BEGIN Recorded information

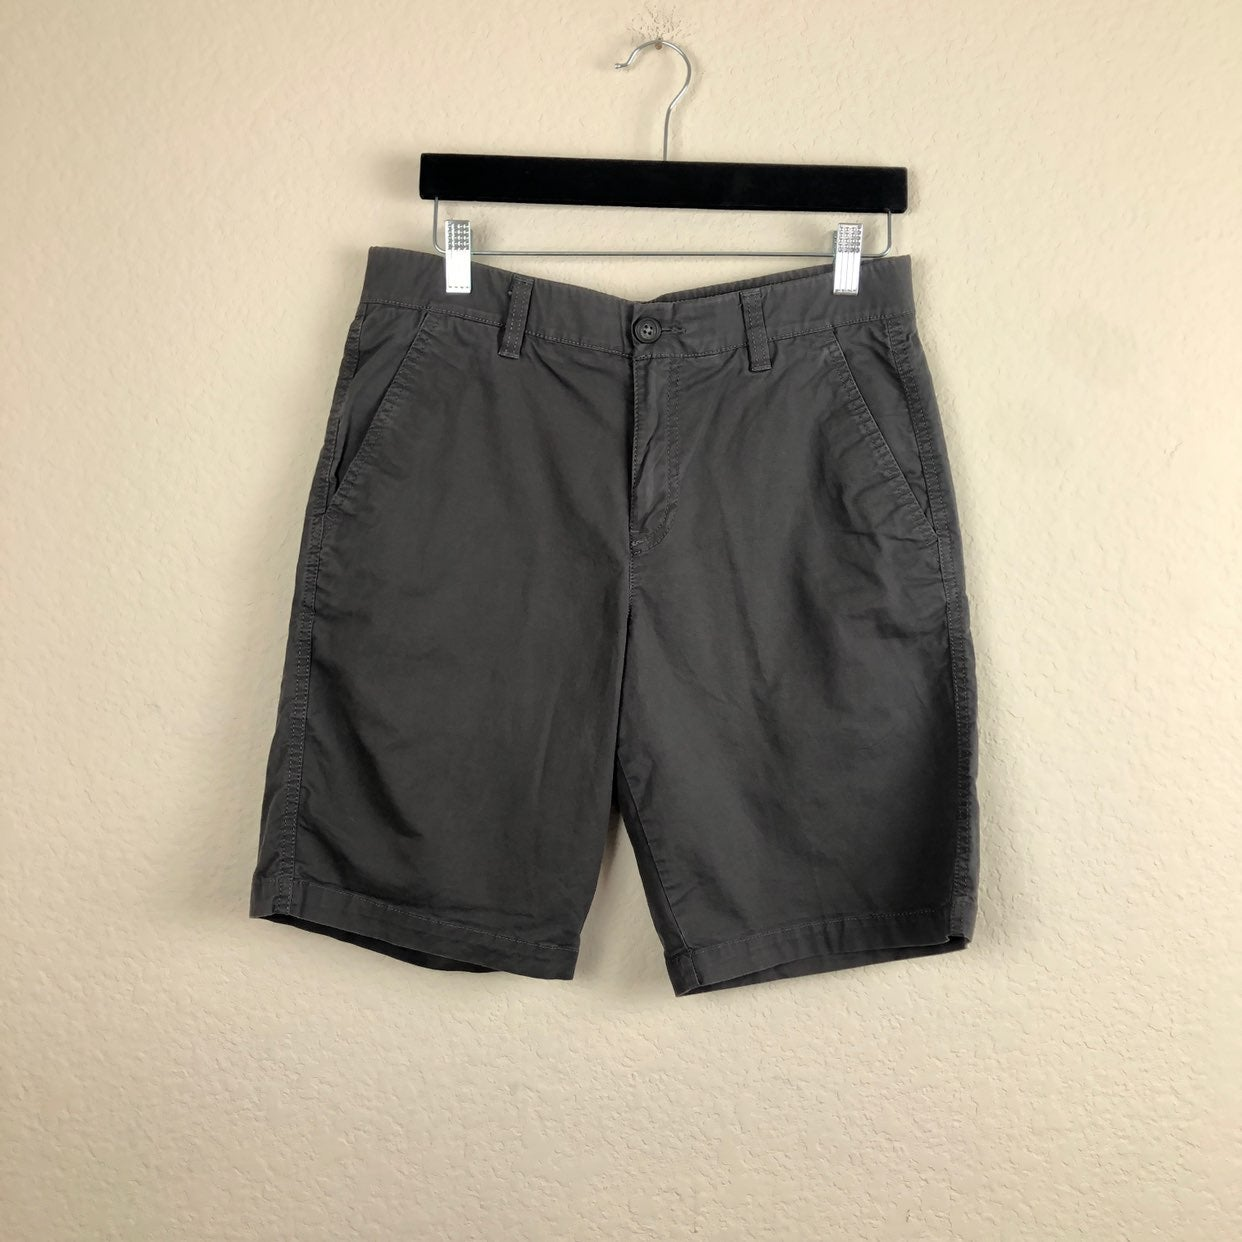 Marc Anthony Flex+ Gray Shorts 30
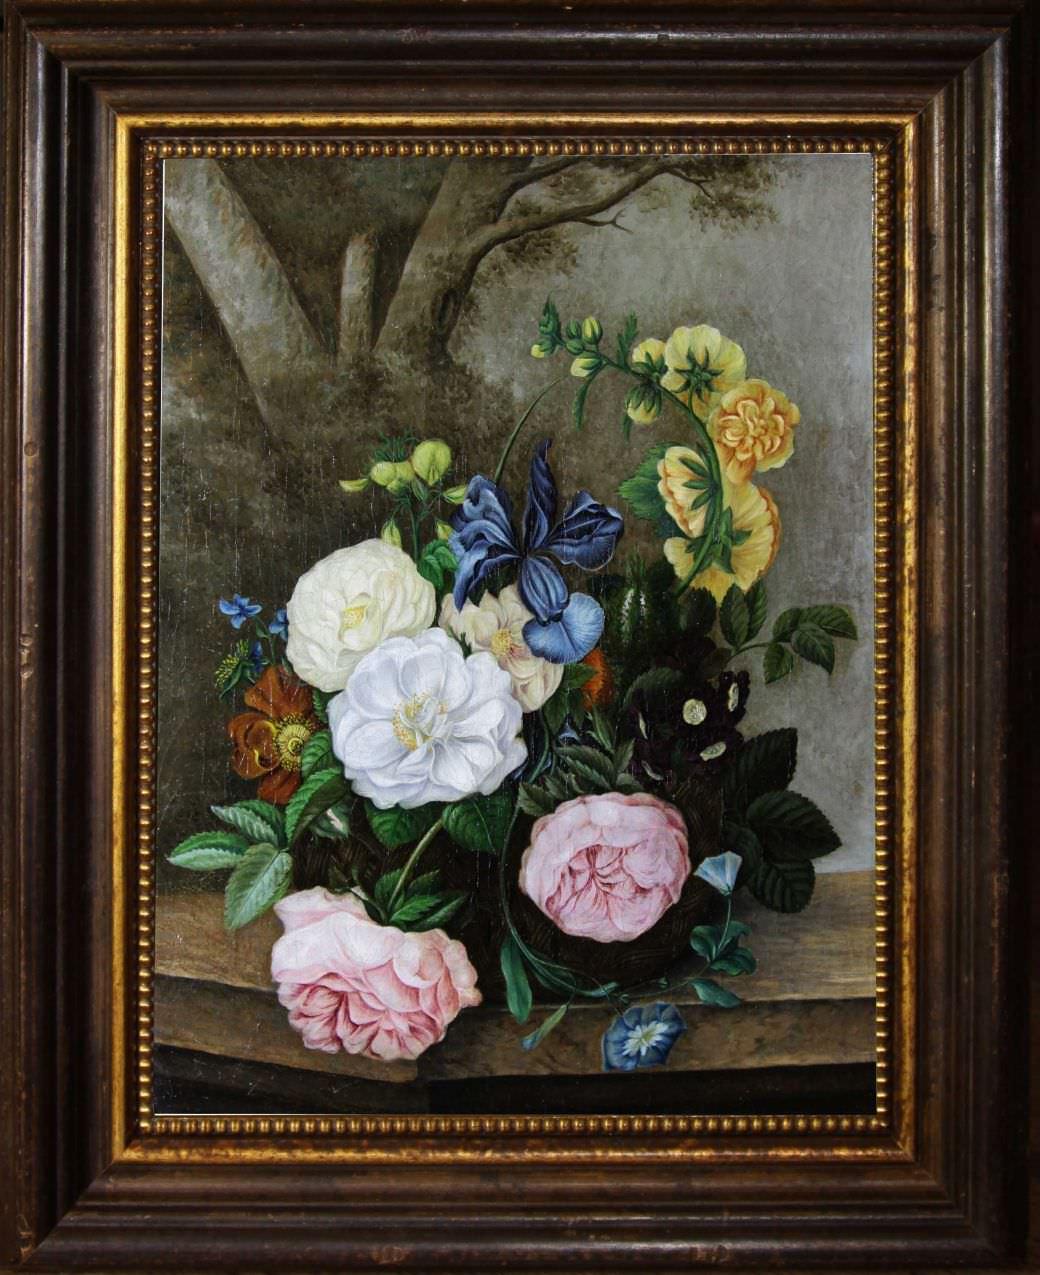 Старинный натюрморт с цветами. Западная Европа, 1821 год.
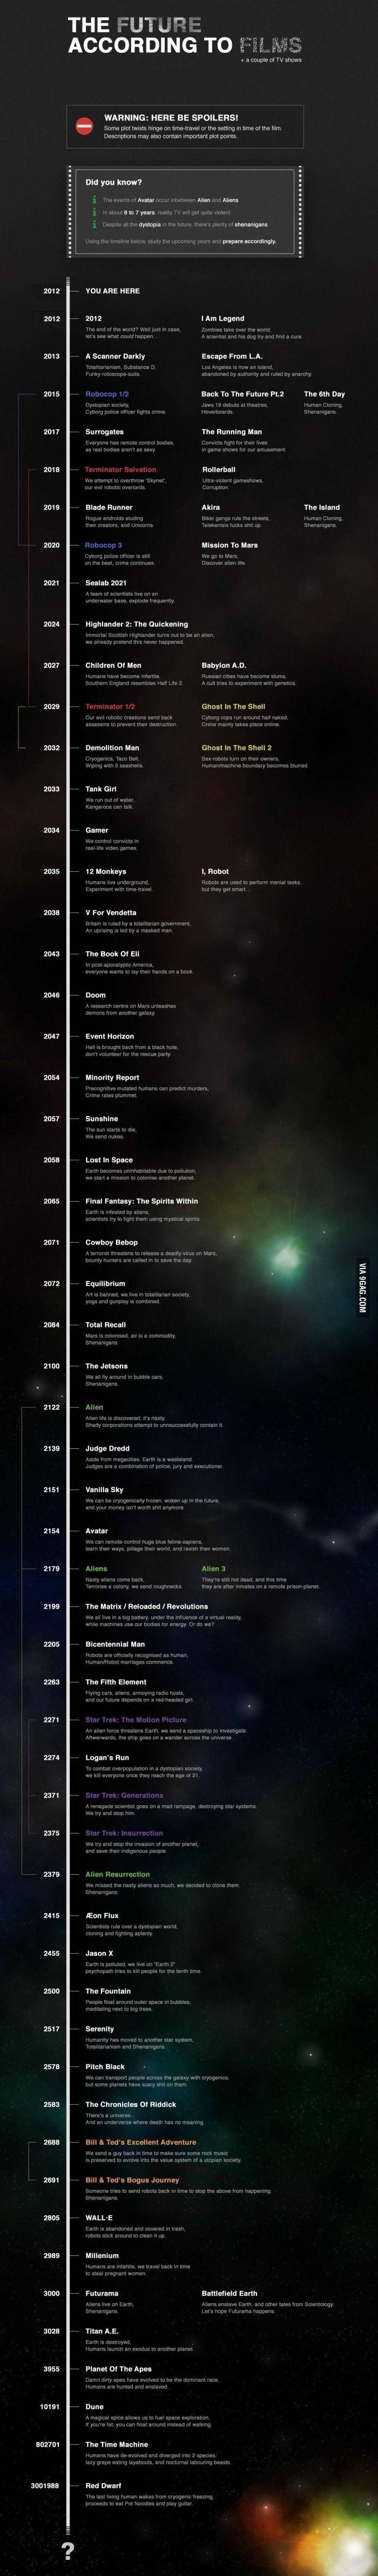 Sci-Fi Schedule.  2013 - L.A. is a prison: Kurt Russel has eye patch.

END Recorded information

**Problem to solve:**
Output a verbatim copy of the lines from the line containing "Старинный натюрморт с" through the end of the data, both included, without any images.

**Final answer:**
 Старинный натюрморт с цветами. Западная Европа, 1821 год.
 Sci-Fi Schedule.  2013 - L.A. is a prison: Kurt Russel has eye patch.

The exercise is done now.